Roman J. Israel, Esq.‘ es la esperada segunda película de Dan Gilroy tras su estupenda ópera prima ‘Nightcrawler‘. Desgraciadamente, la película no cumple con las expectativas puestas sobre el director y sólo la sobresaliente actuación de Denzel Washington y algunos brillantes momentos del guion es lo único destacable de este irregular proyecto en su conjunto.

Mientras el primer filme de Gilroy fue injustamente tratado, mereció mucho más tanto en los Oscars como en los Independent Spirit Awards, ‘Roman J. Israel, Esq.’ parece estar siendo considerada como lo que es: simplemente una película entretenida con una buena actuación de la estrella en su reparto. Denzel Washington logró la nominación a mejor actor protagonista en los Oscar, algo que se merecía Jake Gyllenhaal por ‘Nightcrawler’ y no sucedió.

Denzel Washintong y Collin Farrel en Roman J. Israel, Esq.

Denzel Washintong y Collin Farrel en Roman J. Israel, Esq. Fuente: Sony Pictures

Roman J. Israel es un abogado defensor idealista y con vocación, cuya vida cambia drásticamente cuando su mentor y protector, un icono de los derechos civiles, muere. Ante el desamparo, muy a su pesar, acepta una oferta de un ambicioso abogado, interpretado por Colin Farrel, antiguo estudiante de su legendario ex jefe. Paralelamente su determinación y compromiso con la justicia y la responsabilidad social se desvanece a medida que se ve envuelto en una serie de eventos que desafían el activismo que siempre ha definido a su personaje.

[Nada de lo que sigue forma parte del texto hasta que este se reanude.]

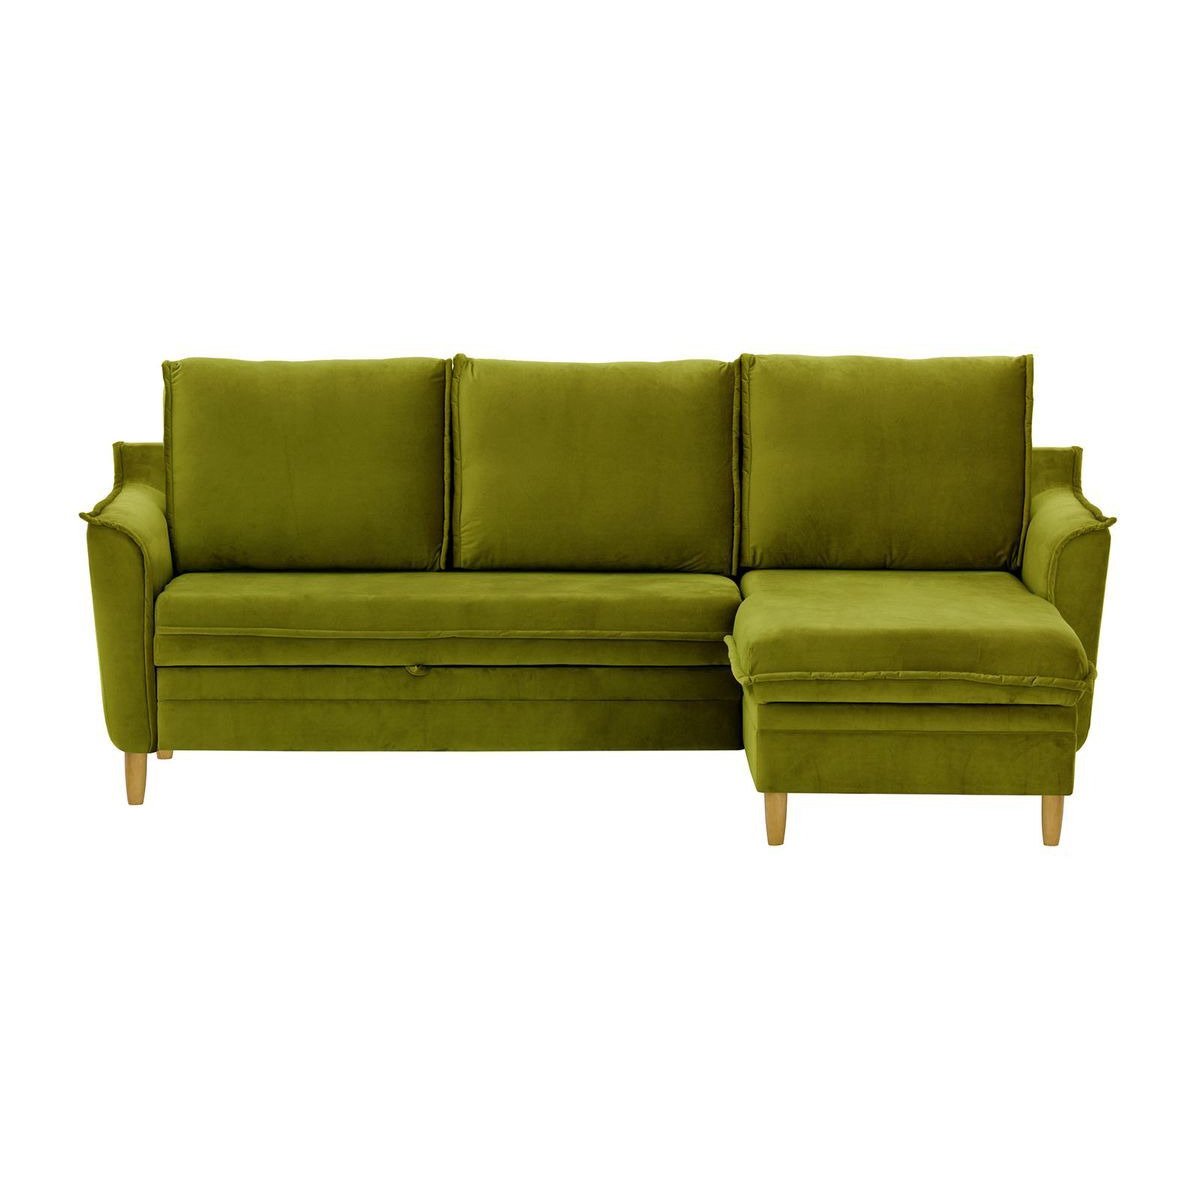 Amour Corner Sofa Bed With Storage, olive green - image 1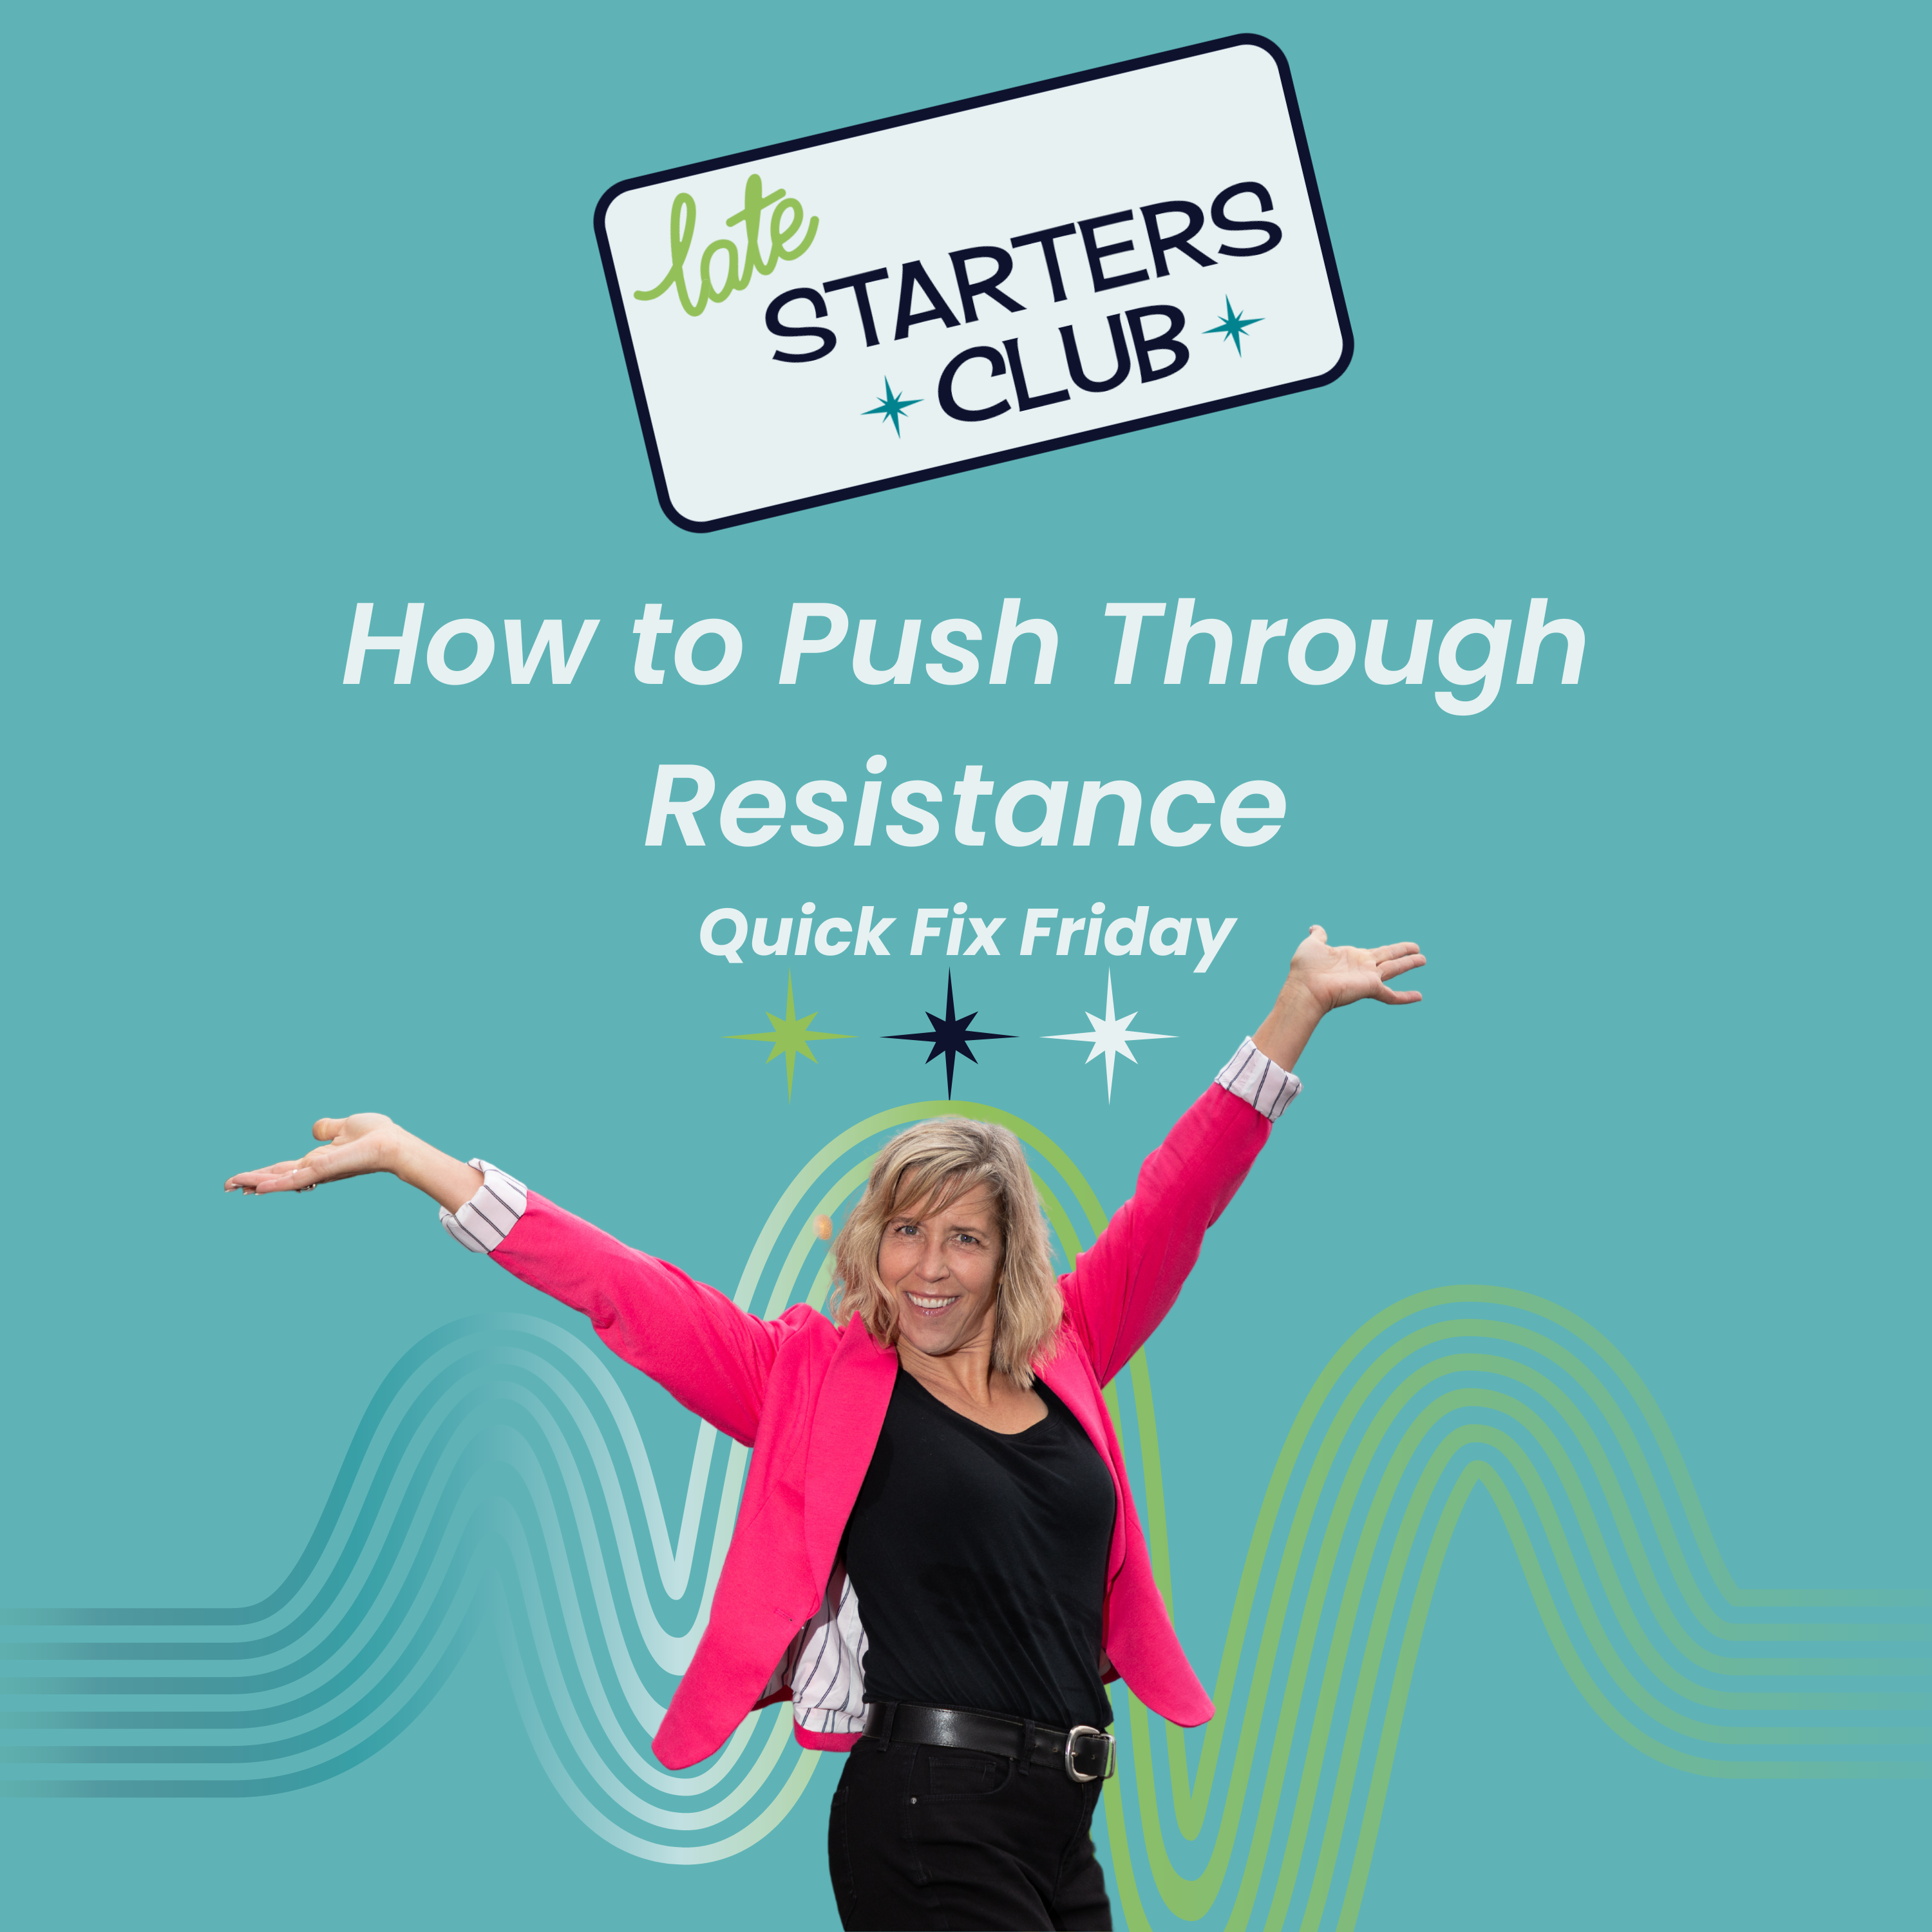 88: How to Push Through Resistance – Quick Fix Friday

De nuevo Dan Gilroy dibuja un personaje realmente particular a la vez que magnético y desde luego estamos ante otra magnífica interpretación de Denzel Washington. Sin embargo la actuación está más sustentada en el ‘aderezo’ que en la profundidad. La superficialidad queda representada en una personalidad cercana al trastorno del espectro autista, con algún comportamiento propio del trastorno obsesivo compulsivo, unos andares y forma de hablar característica y acompañada de una imagen personal anclada en el pasado. La película pierde la oportunidad de profundizar en las entrañas del personaje: su idealismo, la incomprensión que le rodea y la dificultad de mantener unos ideales tan a contracorriente.

Otro punto flaco de la película es la trama. El guión tiene unos giros inverosímiles con un desencadenante demasiado fácil y previsible. Los cambios por los que pasa el personaje no son creíbles y además están mal representados. Ante esto, y junto con un pseudo romance ridículo, la desconexión con el largometraje está asegurada.

El muy esperado regreso se convierte en decepción. Ojalá volvamos a ver al Dan Gilroy que te mantenía anclado a la butaca con una historia tan redonda como la de su debut cinematográfico. En definitiva,  ‘Roman J. Israel, Esq. es un desatino.